Arrive on time, since tours begin promptly and the groups are intentionally kept small to avoid overwhelming the animals. Bring a camera, because the photo opportunities are genuinely excellent. The enclosures are spacious and well-lit, and the animals are curious enough to approach visitors without prompting. If you have children, this is the kind of outing they will talk about for weeks, especially after a goat decides their shoelace needs investigating.
What Sets This Place Apart From Other Sanctuaries
There are other animal sanctuaries in the United States, but something about this one earns consistent five-star reviews and repeat visitors who drive hours to return. The cleanliness of the facility comes up constantly in visitor feedback, which reflects the level of care the team puts into daily operations.
The staff and volunteers come across as genuinely invested rather than just employed, and that distinction is palpable during a tour. These are people who know each animal by name, know their backstory, and notice when something seems off. That level of individual attention is rare in any care setting, human or animal.
The sanctuary’s Charity Navigator rating of four out of four stars also sets it apart in terms of organizational credibility. Donors can give with confidence that funds are being managed responsibly. For a small non-profit operating in a rural Pennsylvania county, that kind of recognition speaks volumes. The combination of genuine care, strong leadership, and transparent operations is what turns first-time visitors into lifelong supporters.

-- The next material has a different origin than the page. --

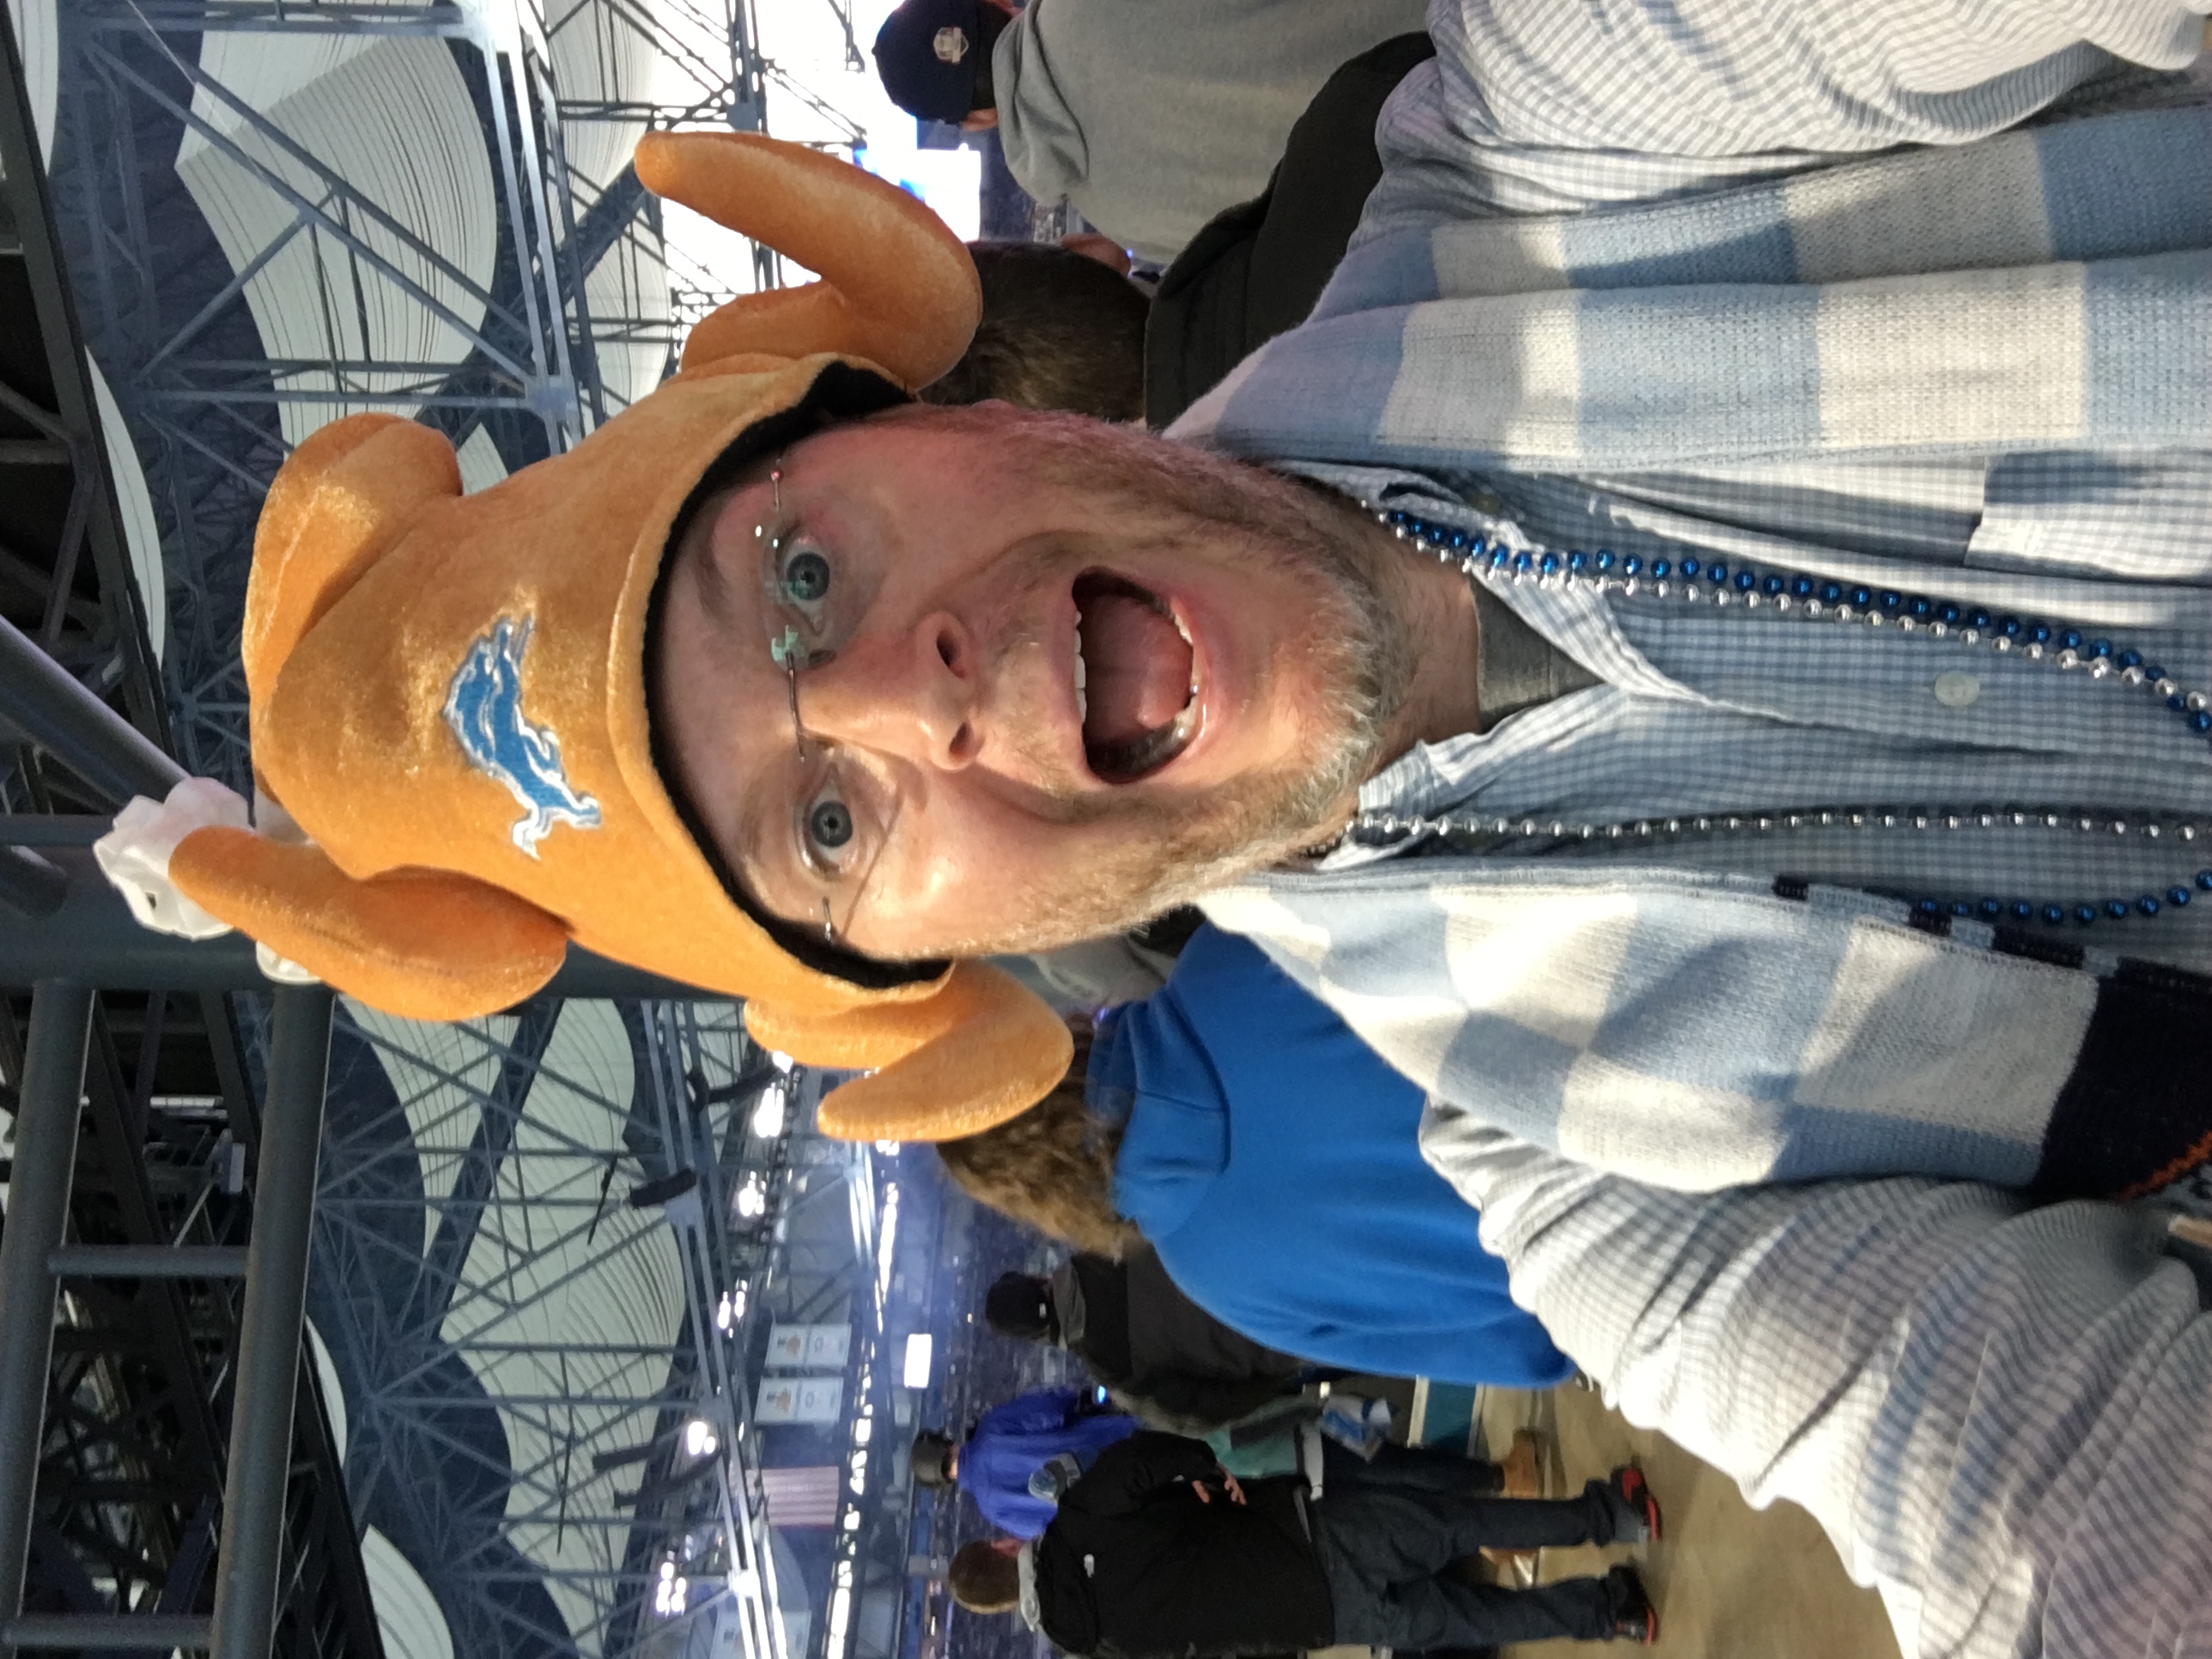 Rich O'Malley seeing the Lions in Detroit. (Post Hill Press)

Why This Place Deserves a Spot on Your Travel List
Some travel experiences are fun. Some are relaxing. Some are educational. Lancaster Farm Sanctuary manages to be all three at once, which is genuinely unusual and worth planning a trip around, even if you have to drive several hours to get there.
The sanctuary sits in one of Pennsylvania’s most scenic regions, so the drive itself is pleasant, winding through farmland and small towns before you arrive at the property on Milton Grove Road. Pairing the visit with other Lancaster County attractions makes for a full and satisfying day trip.
More than anything, this is a place that reminds you what it looks like when humans and animals get the relationship right. The animals are safe, healthy, and visibly at ease. The people who care for them are passionate without being self-congratulatory. And the visitors who come away from a tour consistently describe it as one of the more meaningful experiences they have had in a long time.
That is not a small thing, and it is absolutely worth the trip.